La Corée du Nord annonce son premier cas de Covid-19, Kim Jong Un ordonne un confinement dans tout le pays

Le drapeau nord-coréen à l'ambassade de Corée du Nord à Kuala Lumpur, en Malaisie, le 27 mars 2017.

Le drapeau nord-coréen à l'ambassade de Corée du Nord à Kuala Lumpur, en Malaisie, le 27 mars 2017. - Manan Vatsyayana - AFP

Ce premier cas, détecté lors de tests effectués ce dimanche à Pyongyang sur des personnes malades et fiévreuses, "correspond" au variant Omicron, hautement transmissible.

Le premier cas d'infection au Covid-19 depuis le début de la pandémie a été signalé en Corée du Nord, a annoncé jeudi la presse officielle, qualifiant cela de "grave urgence nationale". Le dirigeant du pays Kim Jong Un a annoncé la mise en place d'un système de contrôle du virus d'"extrême urgence" à l'issue d'une réunion de crise du bureau politique.

"L'objectif était d'éliminer la racine dans les plus brefs délais", a affirmé le leader cité par l'agence d'Etat KCNA.

"Il nous a assuré que du fait de la forte conscience politique de la population [...], nous surmonterons sûrement l'urgence et réussirons avec le projet de quarantaine d'urgence", a précisé l'agence de presse.

Le système de santé du pays est très déficient

Kim Jong Un a demandé un contrôle plus strict des frontières ainsi que des mesures de confinement, demandant aux habitants "d'empêcher complètement la propagation du virus malveillant en bloquant totalement leurs quartiers dans toutes les villes et tous les comtés du pays", selon KCNA.
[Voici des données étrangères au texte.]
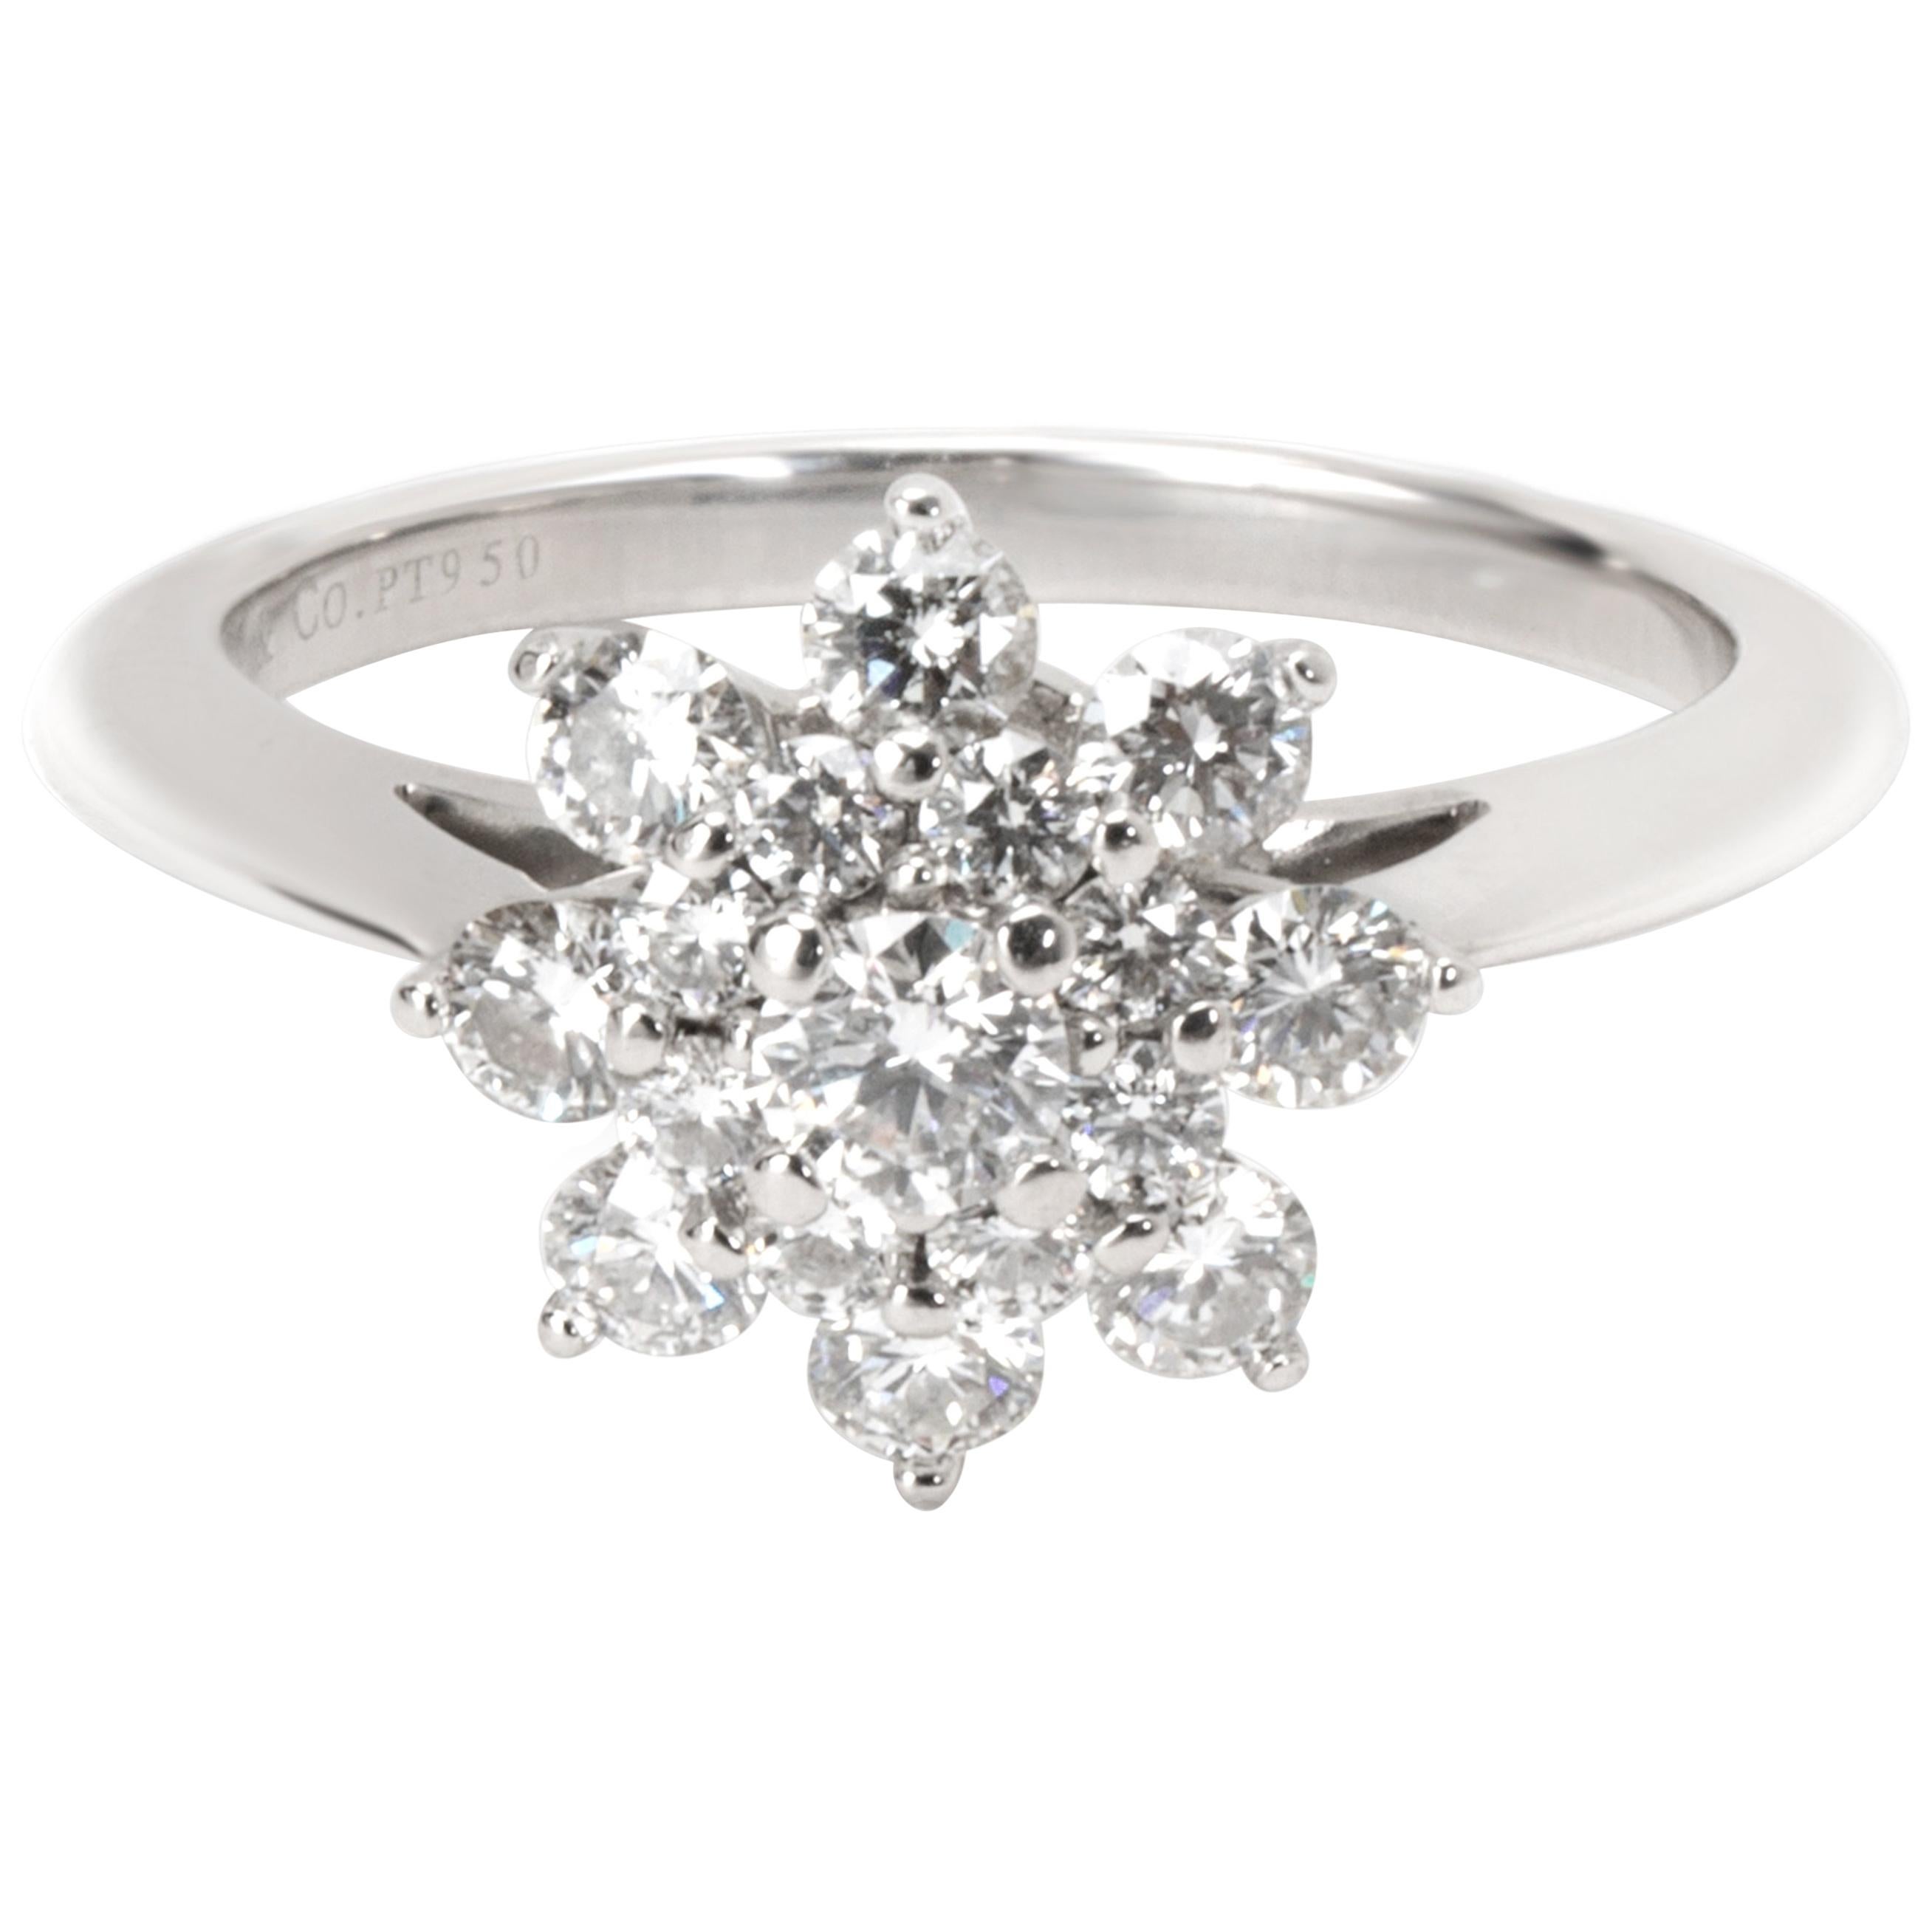 Tiffany & Co. Diamond Flower Ring in Platinum 0.60 Carat

Toutes les activités productives et commerciales seront organisées de manière à ce que chaque unité de travail soit "isolée" pour éviter la propagation du virus, a-t-il ajouté.
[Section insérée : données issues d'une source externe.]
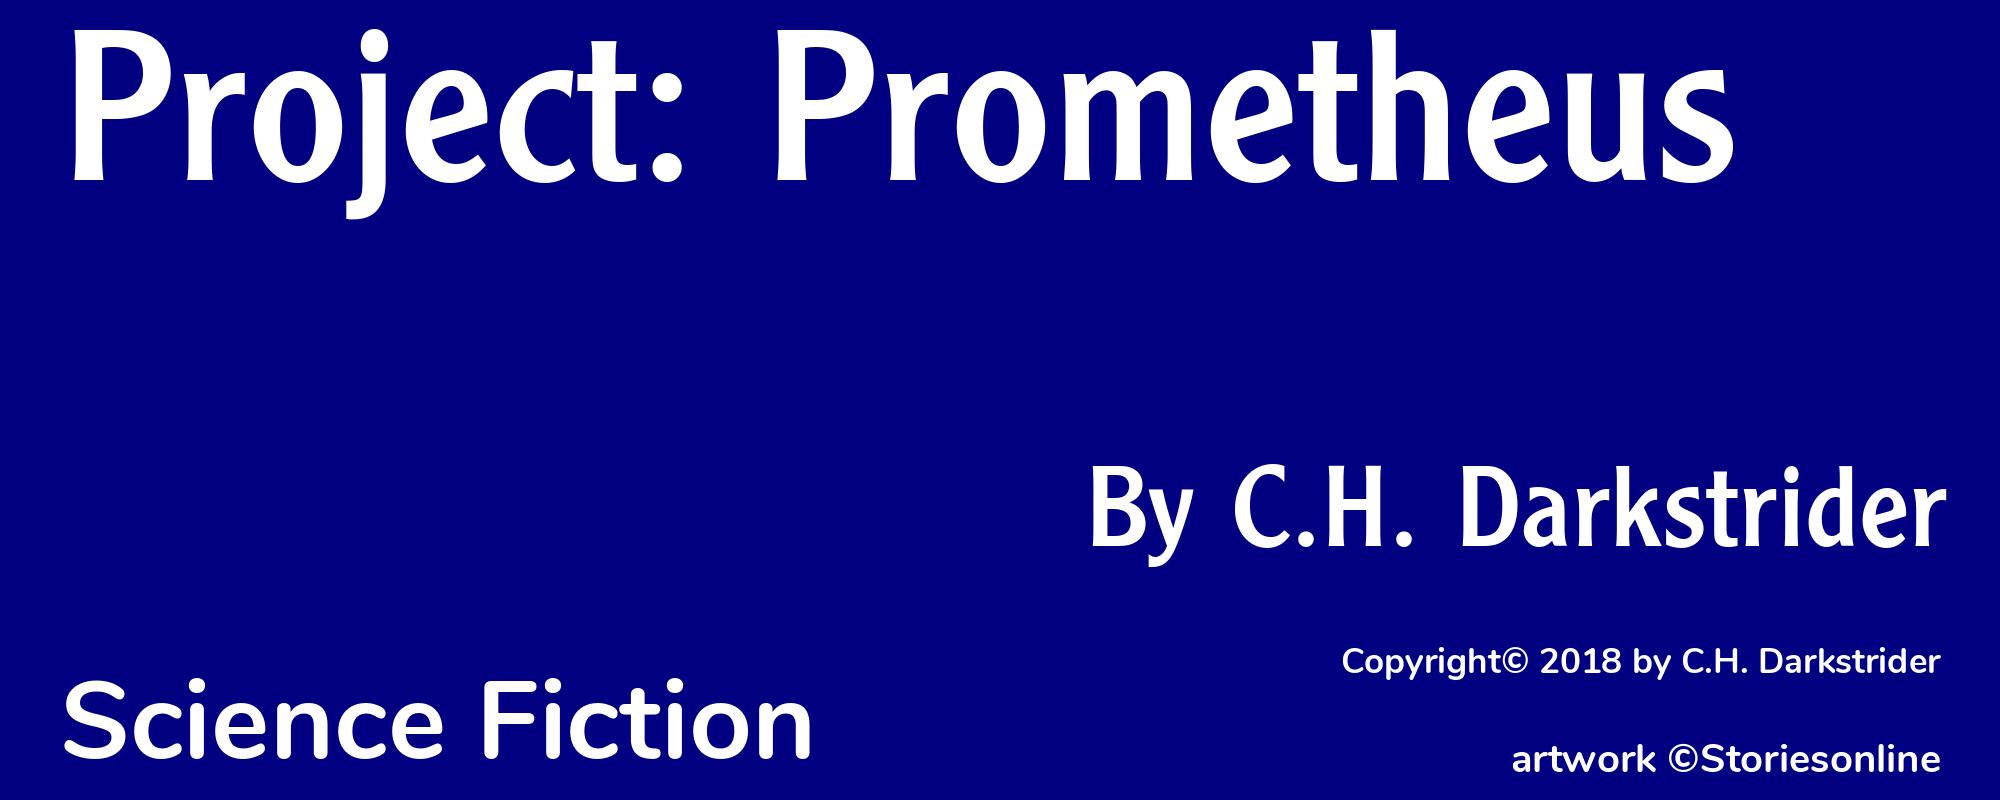 Project: Prometheus - Cover

Le pays a complètement fermé ses frontières dès le début de la pandémie en 2020, aux dépens de son économie. Pyongyang n'avait annoncé aucun cas confirmé de Covid-19 jusqu'à ce jeudi.

Selon l'Organisation mondiale de la santé, la Corée du Nord avait mené, en 2020, 13.259 tests anti-Covid, qui se sont tous révélés négatifs. Les observateurs estiment que le système de santé du pays, très déficient, aurait du mal à surmonter une épidémie d'ampleur.